A riqueza de considerável porção das famílias brasileiras deve-se à herança de quem habita em morros, periferias carentes de infraestruturas básicas, favelas, invasões e ruas; suscetíveis a todos os tipos de violências e exclusão. A sociedade brasileira presencia mais um “Novembro da Consciência Negra”, órfã de programa de governança de âmbito nacional, que contemple reparos à comunidade negra; em forma de distribuição da justiça social.

Nas consultas que você submeteu-se, em quantas foi atendido por um médico negro? O leitor consegue dizer, quando o Brasil teve como seu primeiro medalhista olímpico um nadador afrodescendente? Conhece o motivo pelo qual os nazistas perseguiram judeus, negros, deficientes físicos e homossexuais?
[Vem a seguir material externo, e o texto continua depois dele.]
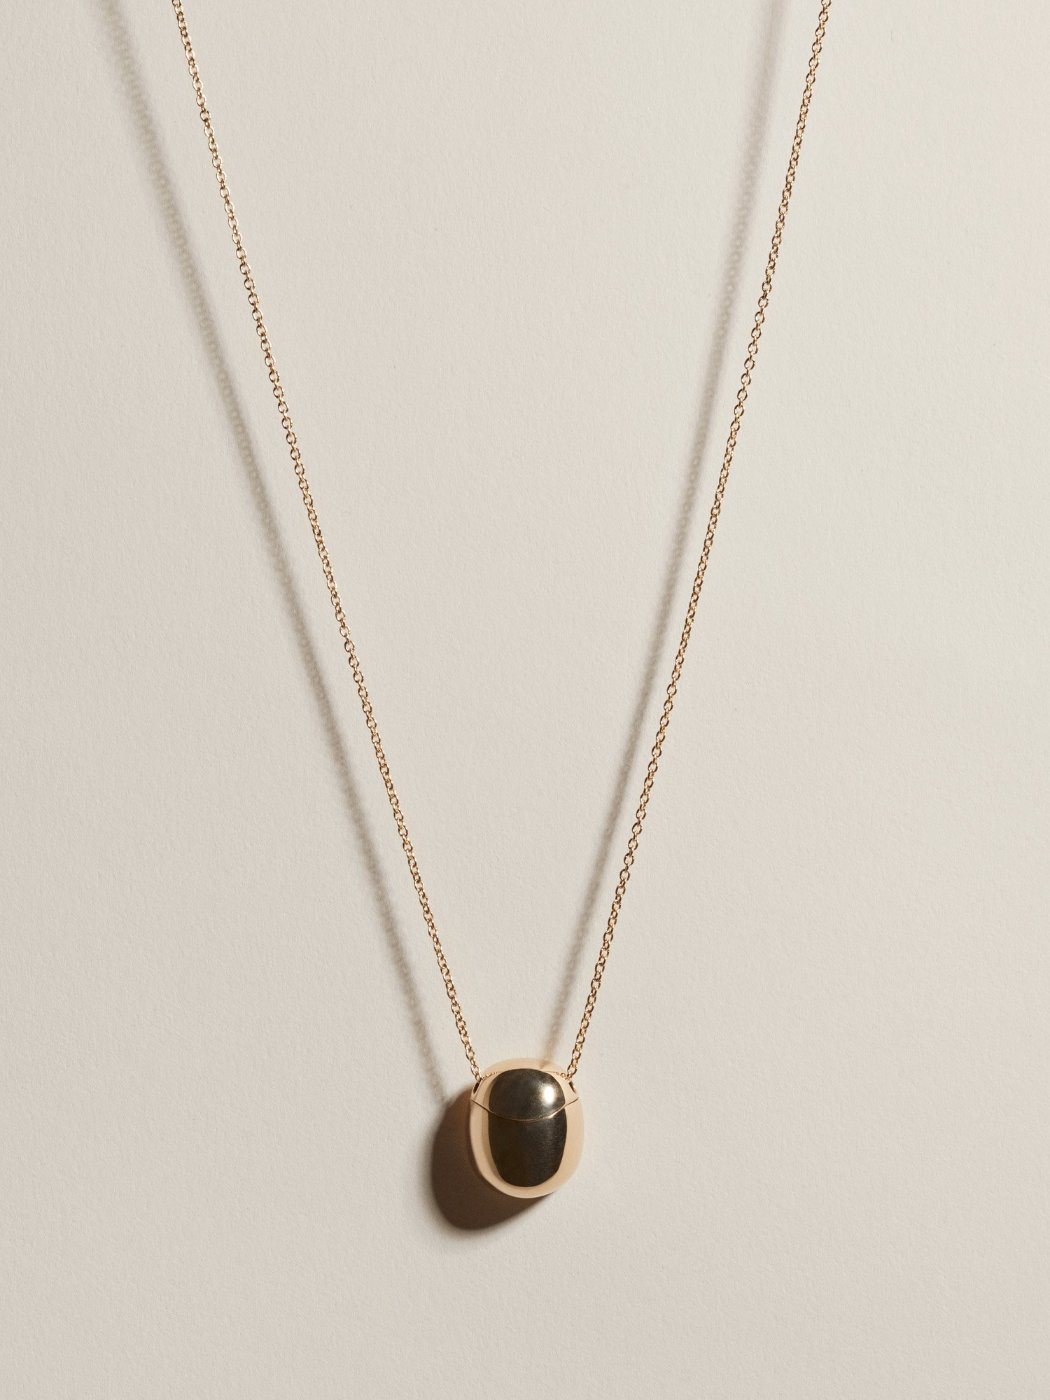 The newest JH arrival: a pendant for storing a secret memento

O racismo é a discriminação social fundamentada na cor da pele, sustentado na justificativa de hierarquia das raças. Vivemos fortes reflexos da escravidão no Brasil, nos dias atuais. Quando ocorreu a abolição da escravatura aquele pessoal não tinha para onde ir, eram analfabetos, em maioria. Foi-lhes negado o acesso à terra e aos meios de produção. Alguns “senhores” acolhiam as libertas com quem mantinham relações sexuais abusivas, promovendo a miscigenação. Aqui, a abolição foi tardia, irresponsável e imposta pela Europa, pois com a Revolução Industrial precisava conquistar maior mercado consumidor em outros continentes. Excluído do processo educacional, e privado de manifestar sua religiosidade de matriz africana, o negro marginalizou-se. Qual a população de negros, hoje no Brasil, de acordo com o IBGE? E, quantos entre estes são senadores da República?
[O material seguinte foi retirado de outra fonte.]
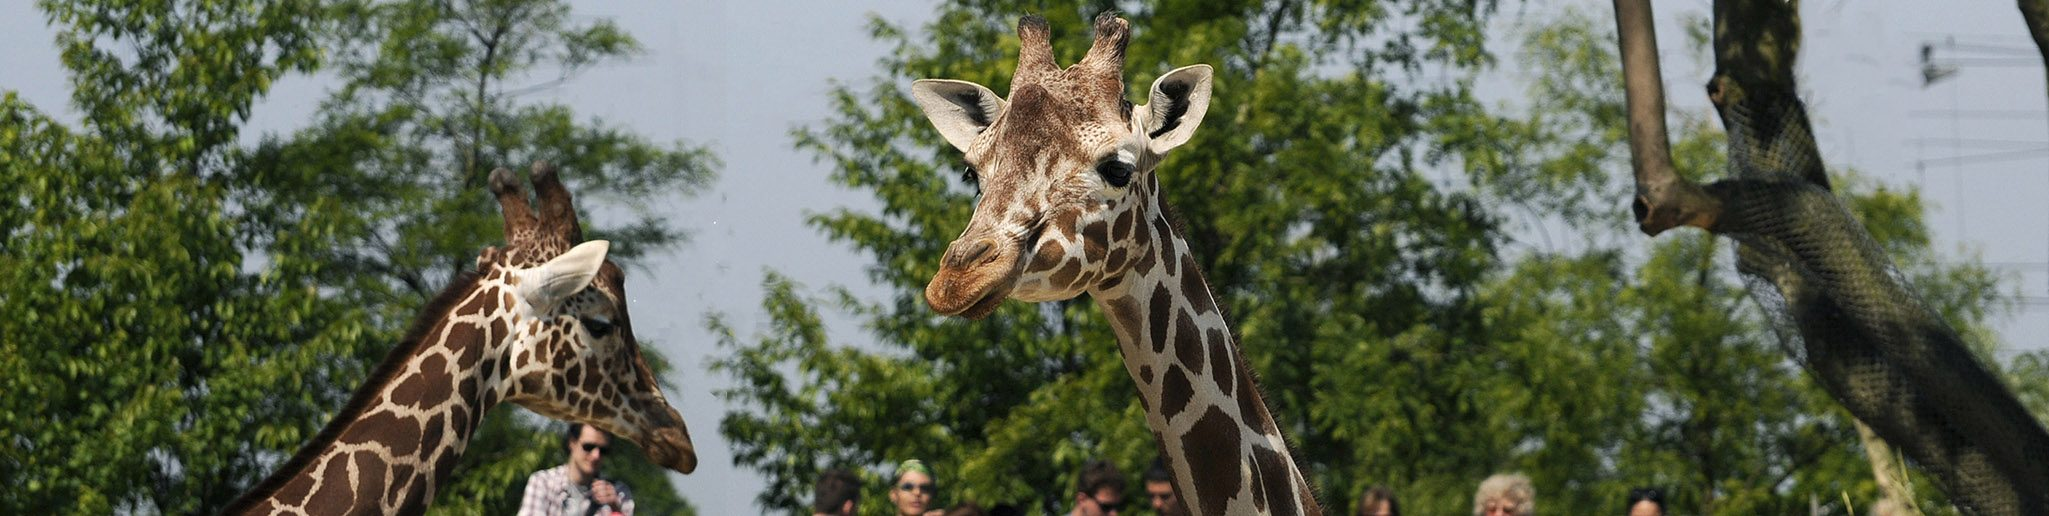 giraf kijkt in lens

Ao liberto, como moradia, restou-lhe os morros, a zona rural e periferias distantes. Esta realidade histórica se evidencia no percentual de afrodescendentes habitando em favelas, invasões e regiões desprovidas de mínimas condições sanitárias, abandonados pelo poder público. O cidadão, alienado, não acredita na possibilidade de vivenciar a distribuição da justiça social. Considerando utópica a narrativa que exalta a conquista do bem-estar e progresso. O sujeito é vítima de preconceito estrutural e institucional.
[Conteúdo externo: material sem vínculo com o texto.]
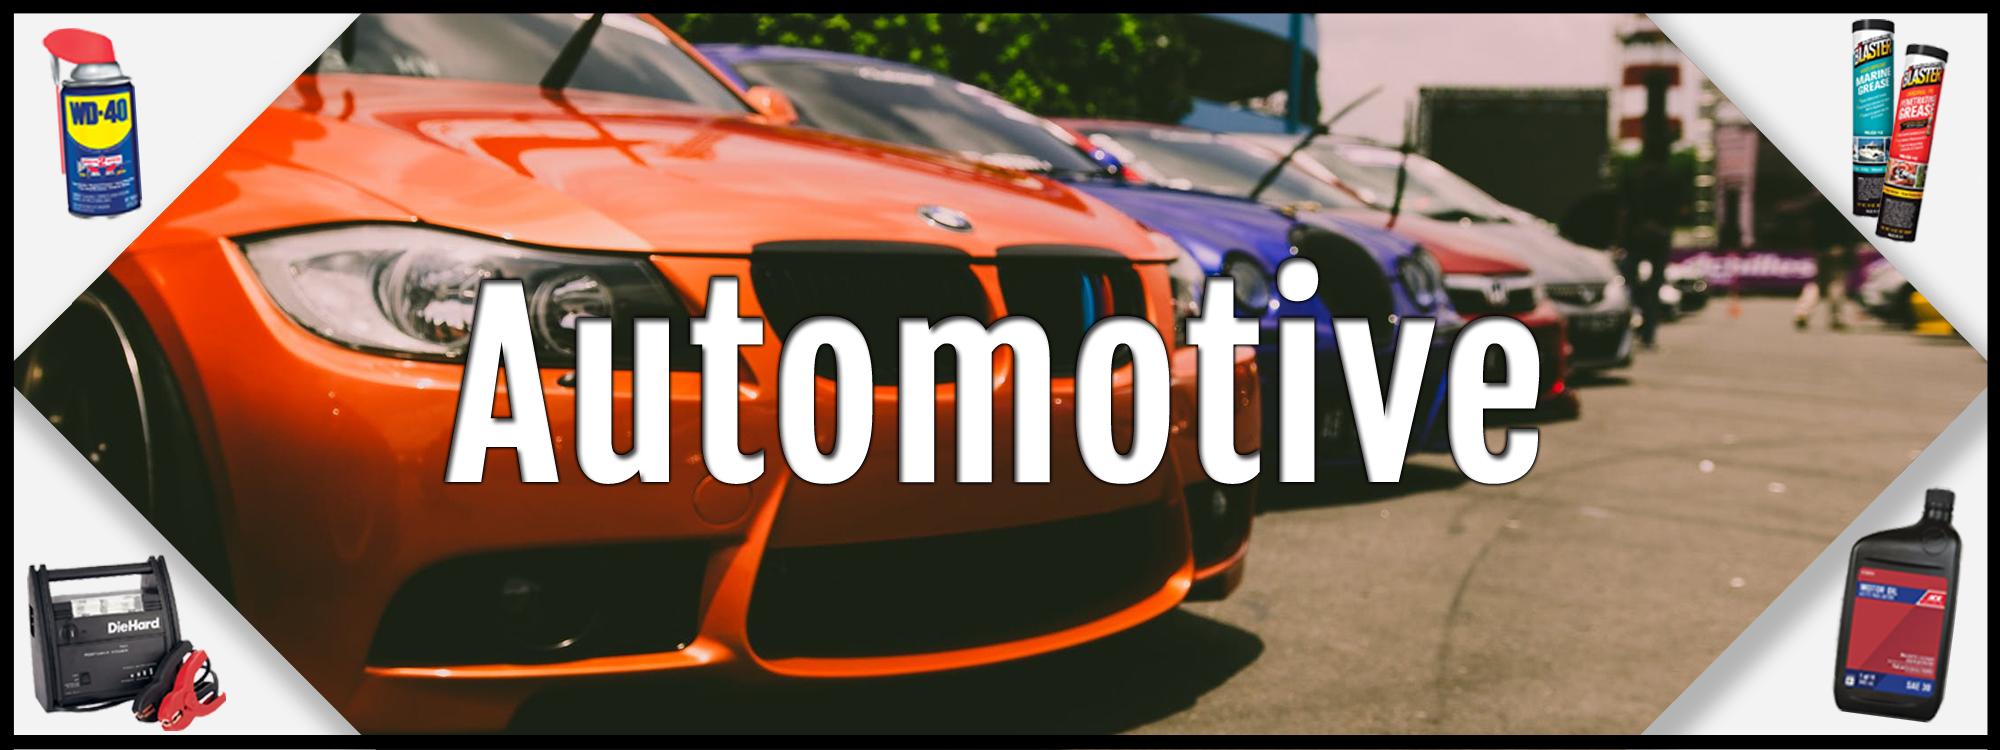 new automotive banner copy.jpg

A condição do negro atualmente é lamentável. O leitor pode me questionar referente às cotas nas universidades e em concursos públicos, das políticas de inclusão. Afirmo que ações esporádicas e isoladas não irão debelar o problema em sua raiz. Há o preconceito internalizado, vivo no íntimo do indivíduo, configurando racismo estrutural. As piadinhas referentes à raça são fixas no subconsciente coletivo. Ditos tipo: “Para um negro, você até que é bonito”. O preconceito flui pelas vias mais sutis possíveis. O elemento não tem preconceito algum; e, se a filha lhe apresentar o namorado negrão?! Nas primeiras décadas do século XX, alguns dos grandes clubes de futebol brasileiros não aceitavam negros em seus quadros de jogadores, caracterizando o racismo institucional. A análise da índole está atrelada ao teor de melanina no corpo da pessoa.

O panorama atual requer trabalho pedagógico nas escolas de educação infantil, campanhas publicitárias em vários meios de comunicação, apresentando a igualdade racial como tema, e ações focadas em políticas públicas direcionadas ao inconsciente da massa. É crucial buscar o direito na lei para punir seres que praticam e/ou incitam a intolerância. Legislação existe, as autoridades constituídas e a militância negra devem se posicionar repudiando qualquer espécie de discriminação. A notoriedade negativa de certos casos ainda representa pequena parcela do racismo brasileiro.